The rate capability of lithium-ion batteries is mainly determined by the architecture of the anodes and the electrochemical reaction rates of the active materials. The forward and backward reaction rate for reversible electrochemical reactions are not necessarily identical: reactions depend on concentration of reactants and products, mass transfer and charge transfer rates.
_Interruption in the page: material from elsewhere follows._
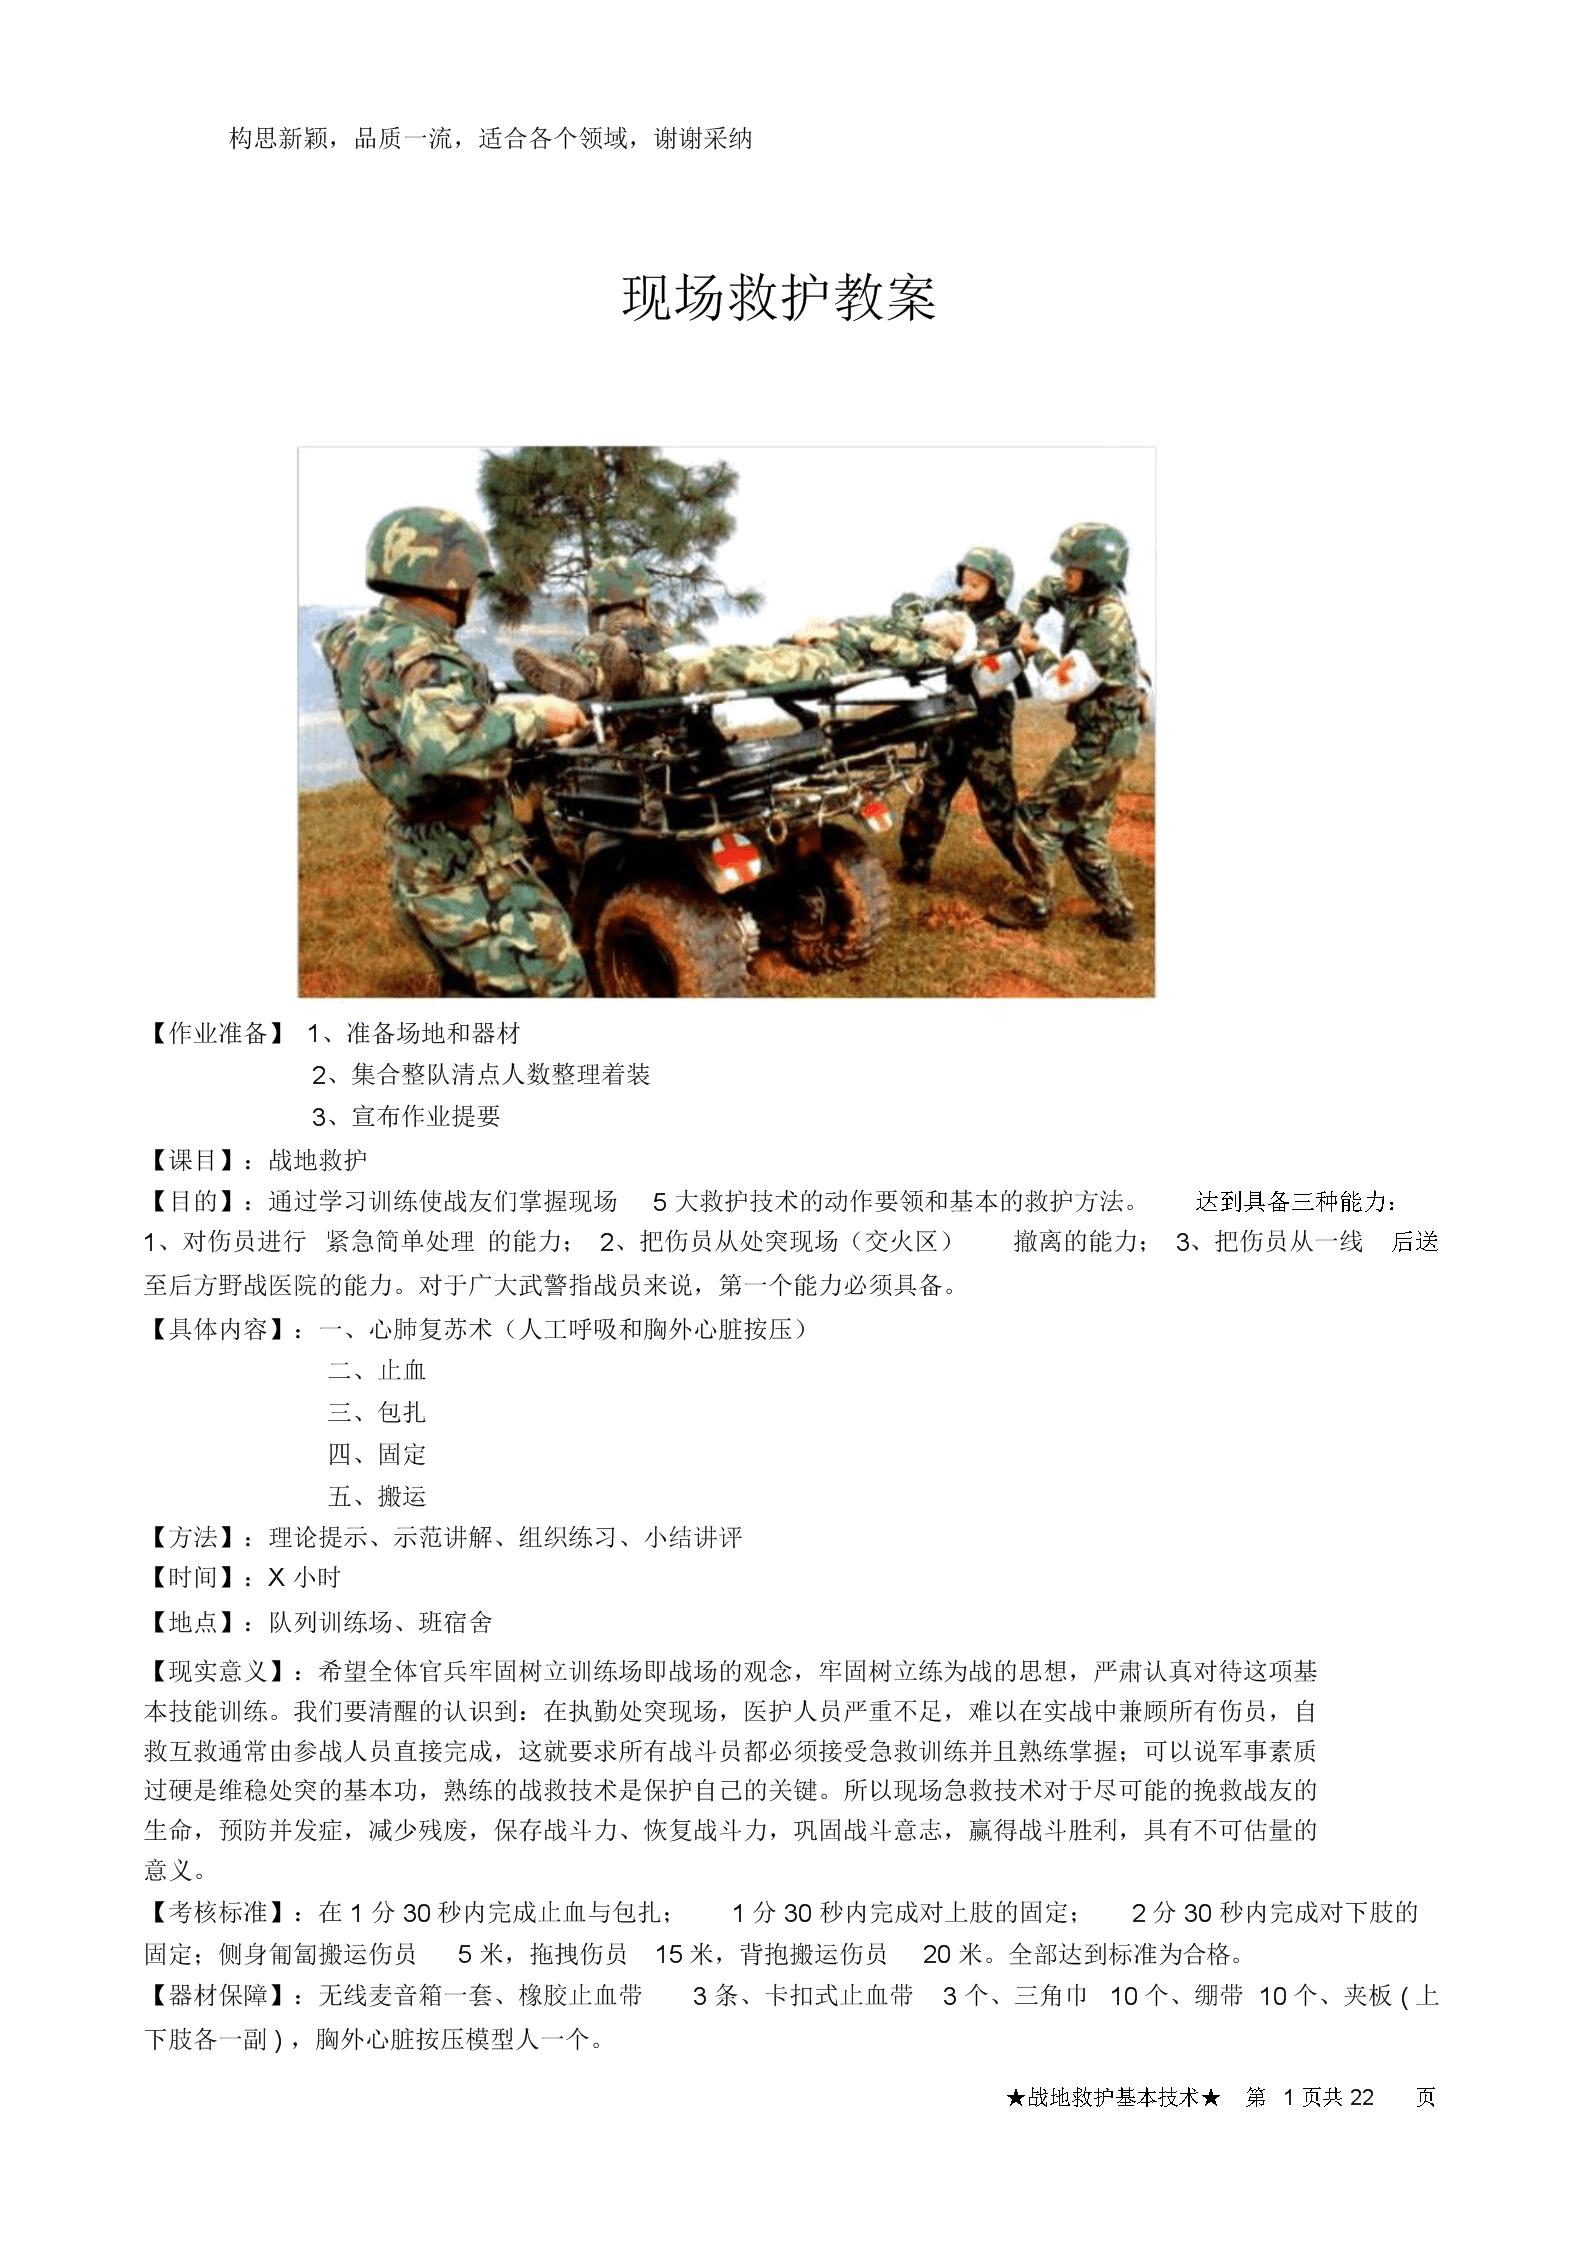 战地卫生以及救护学习教案.docx

Nancy Dudney, Oak Ridge National Laboratory, USA, and colleagues show that silicon nanofilm anodes exhibit an asymmetric rate performance: 72 % of the available capacity is delivered during de-lithiation under a high current density in 22 s, whereas only 1 % of lithiation can be delivered during the same time. Using a mathematical model of single-ion diffusion, they concluded that the asymmetric behavior is caused by the potential-concentration profile as well as by the difference in chemical diffusion coefficients.
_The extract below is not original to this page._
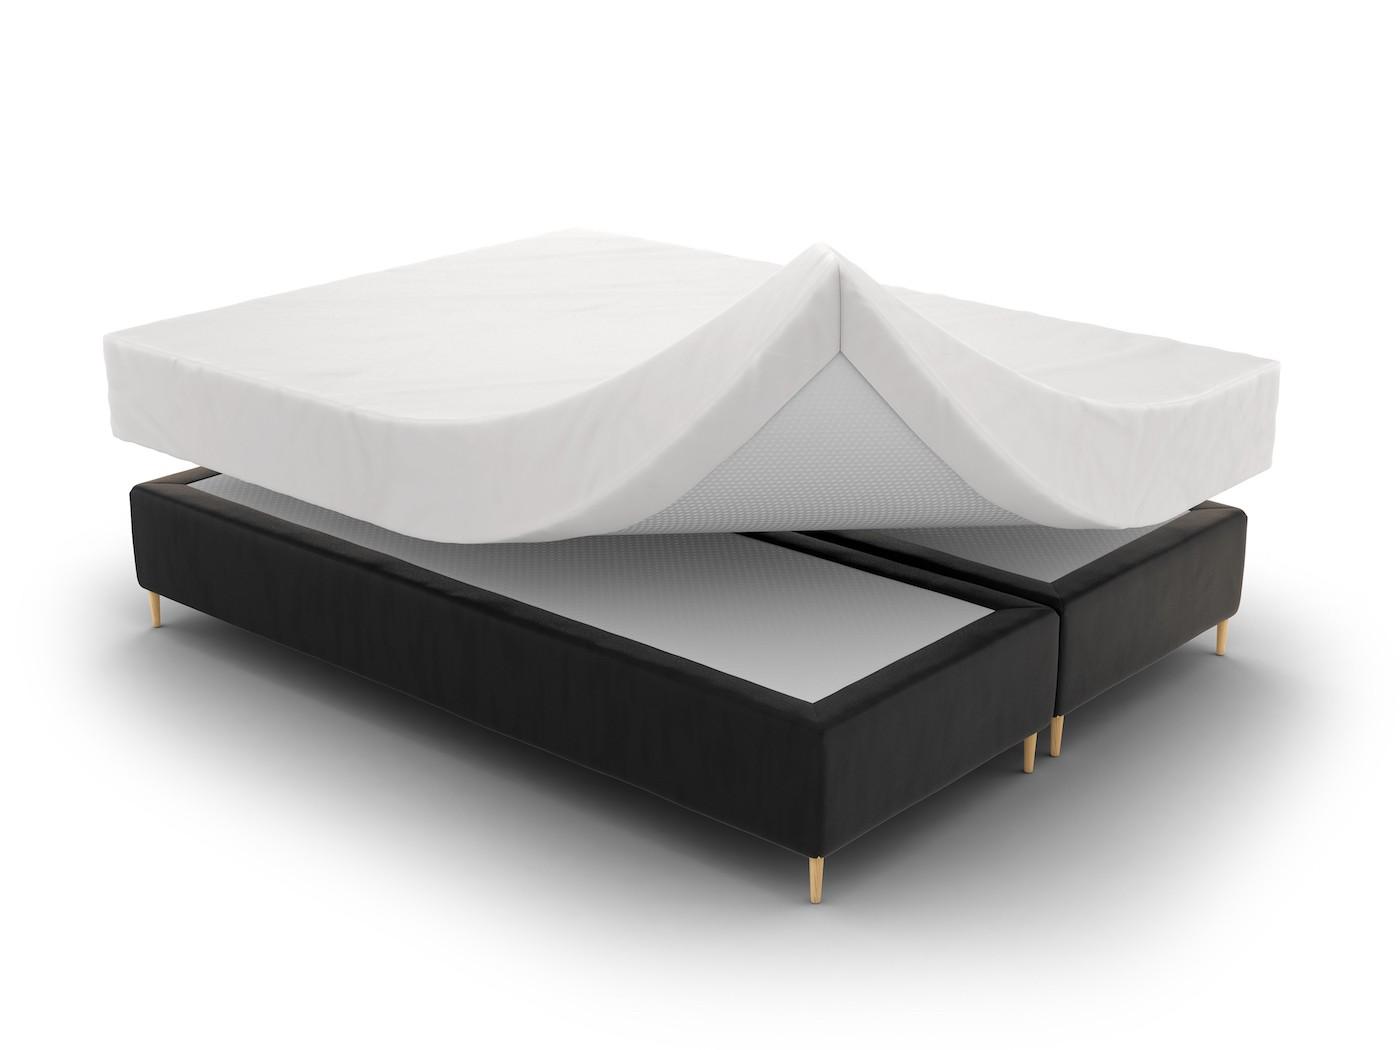 Køb BN Faconlagen - Hvid - 180x210x6

The rate performance of lithium-ion battery electrodes should be re-evaluated for charge and discharge independently. This is also necessary since in a real battery, the charge and discharge protocols are not always the same: charging protocols are controlled by manufactures, but the discharging process depends on the usage by the costumer.

• Asymmetric Rate Behavior of Si Anodes for Lithium-Ion Batteries: Ultrafast De-Lithiation versus Sluggish Lithiation at High Current Densities,
  Juchuan Li, Nancy J. Dudney, Xingcheng Xiao, Yang-Tse Cheng, Chengdu Liang, Mark W. Verbrugge,
  Adv. Energy Mater. 2014.
  DOI: 10.1002/aenm.201401627